Abstract:
Objective To achieve intelligent, high-precision and three-dimensional visualization of pipeline leakage detection in gas ground stations, a digital twin system for pipeline leakage detection in gas ground stations was designed and implemented by integrating digital twin and deep learning technologies.
Method The architecture of the digital twin system for gas ground stations was designed, and the digital twin of the gas ground station was constructed. The framework for pipeline leakage detection in gas ground stations was established by integrating digital twin and deep learning. The three-dimensional model of the gas ground station pipeline was built using 3D Max and imported into Unity3D for the construction of a three-dimensional visualization scene.

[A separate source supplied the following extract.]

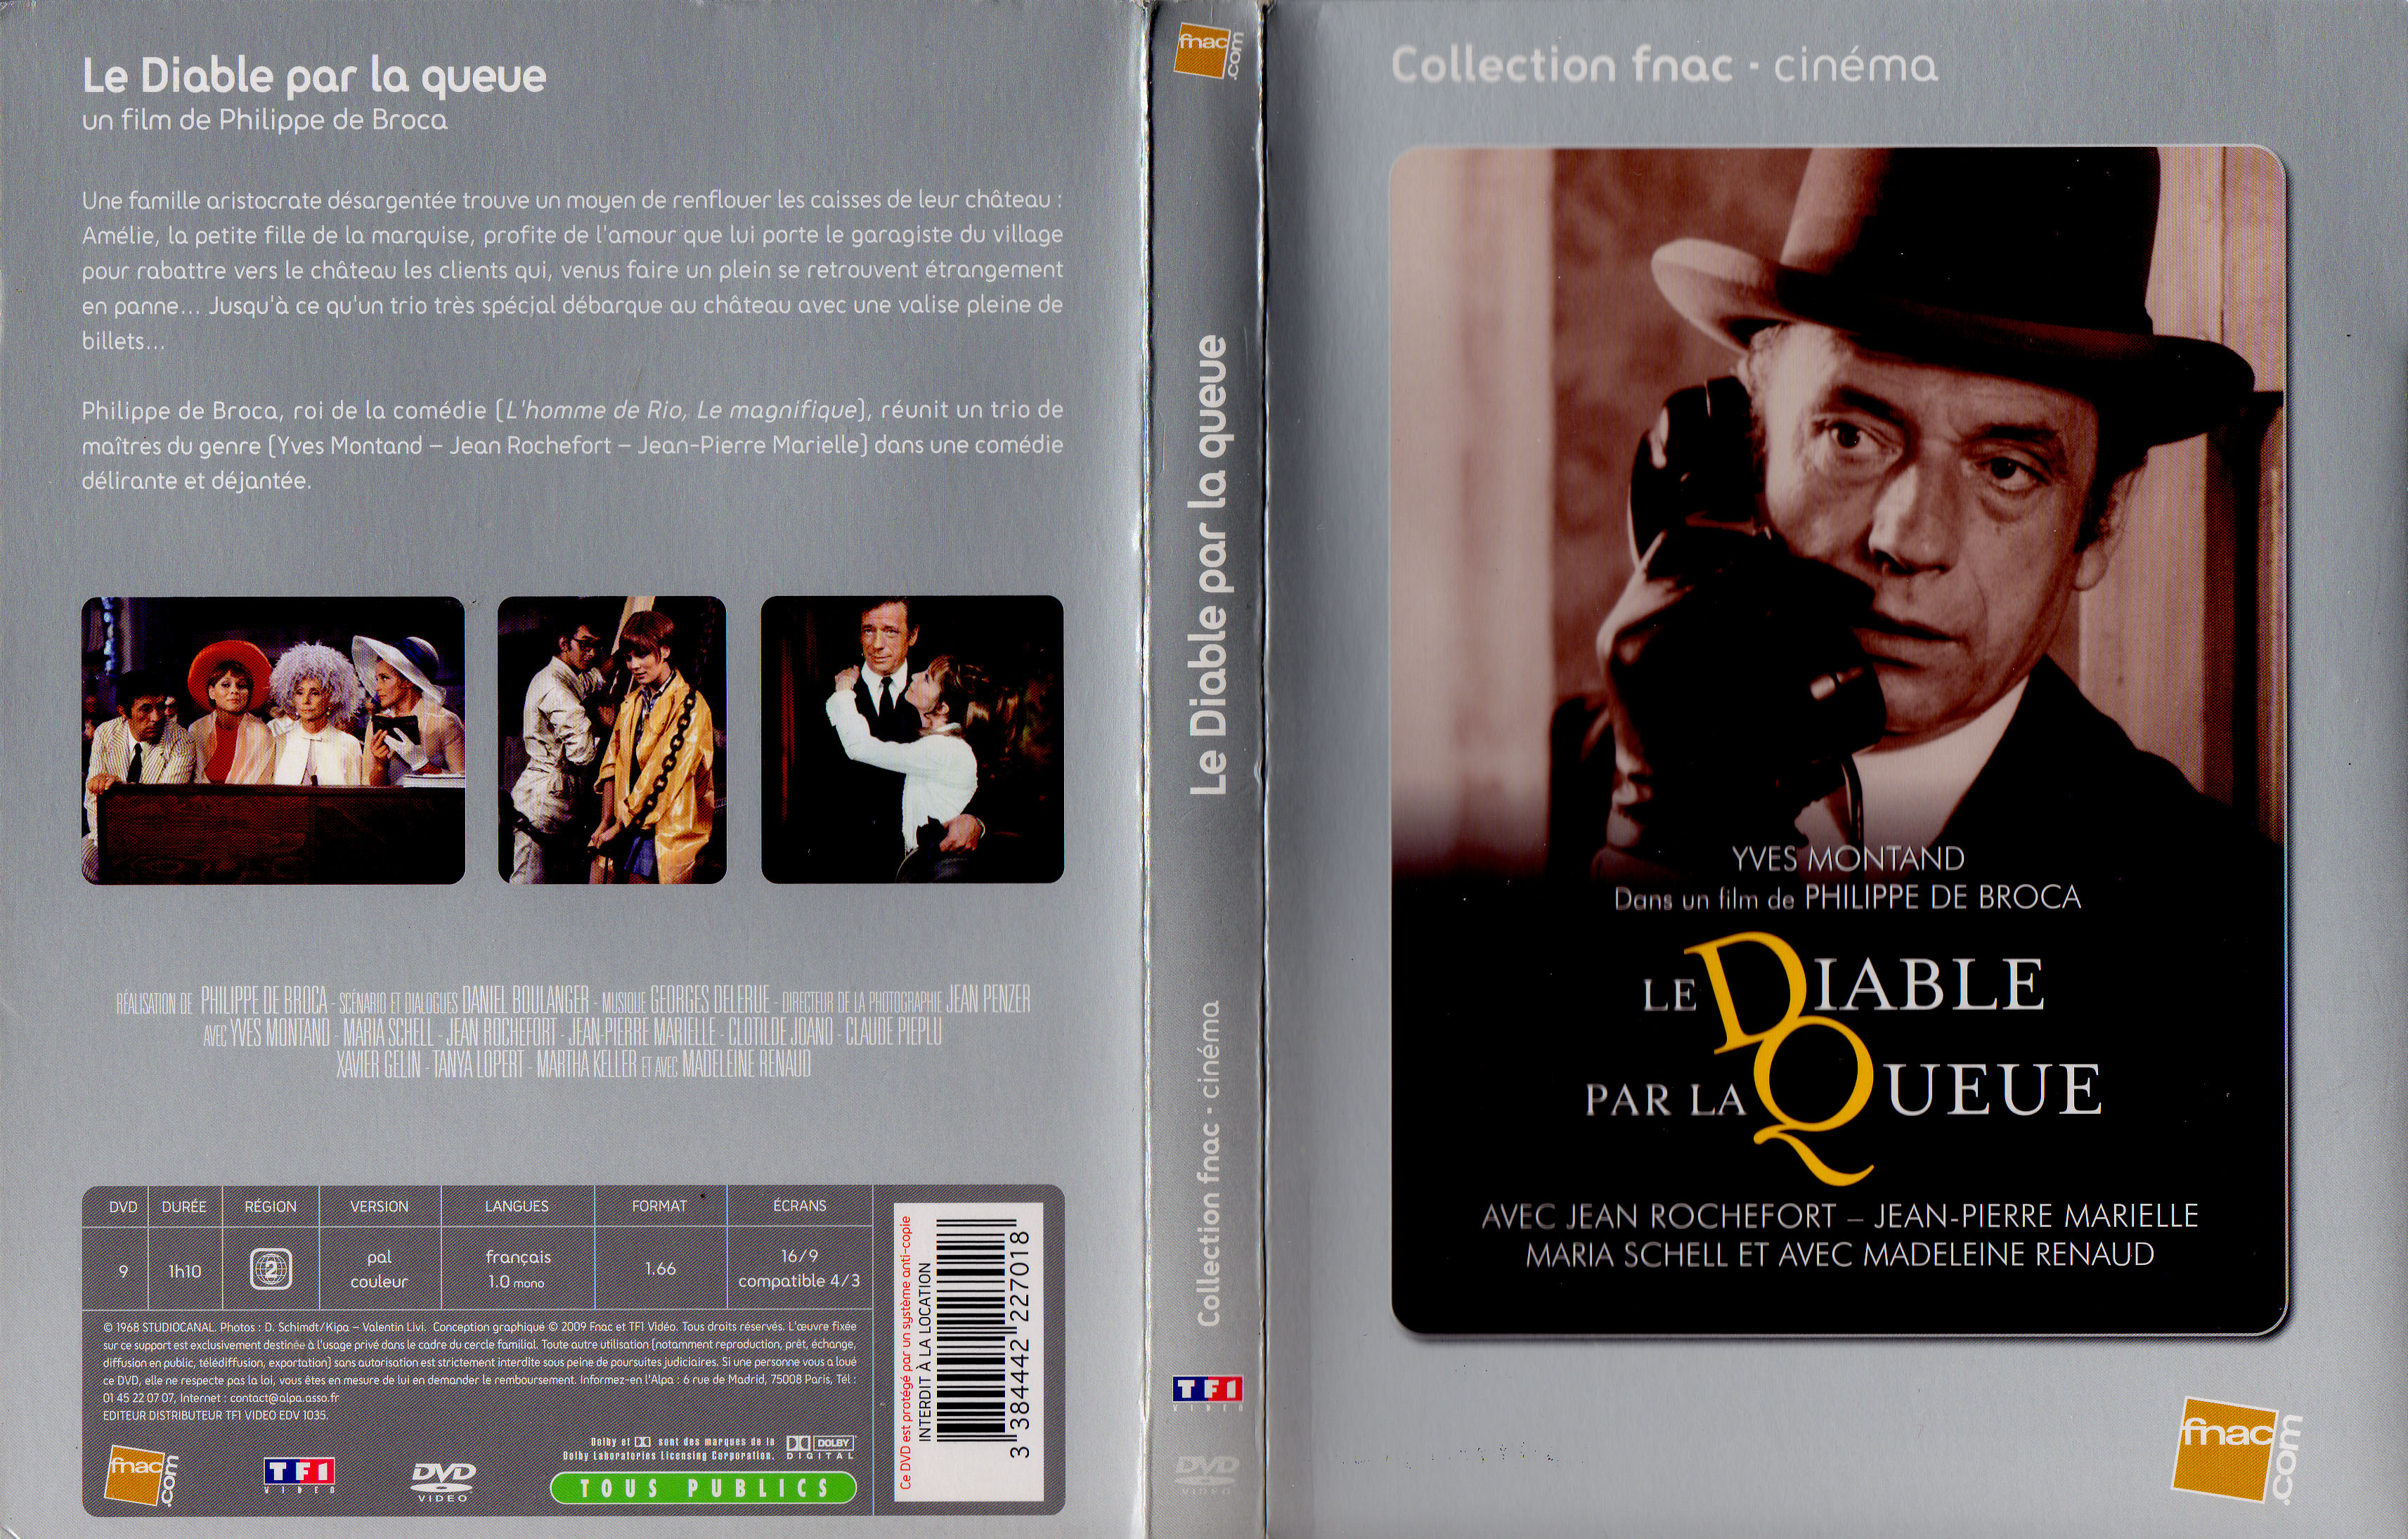 Jaquette DVD Le diable par la queue v2

Result Combined with the pipeline leakage detection model of the gas ground station, the main functions such as three-dimensional visualization of the gas ground station model, intelligent detection of pipeline leakage in the gas ground station, and monitoring of equipment operation status were realized. The system can accurately identify pipeline leakage, optimize operation and maintenance decision-making, and present the overall appearance and pipeline health status of the gas ground station through a three-dimensional visualization interface, significantly improving management efficiency and fault response capability.
Conclusion It provides intuitive and efficient digital support for the operation and maintenance management of natural gas ground stations, realizes intelligent monitoring and management of gas ground station pipelines, and significantly improves the intelligent operation and maintenance level of the gas ground station pipeline system.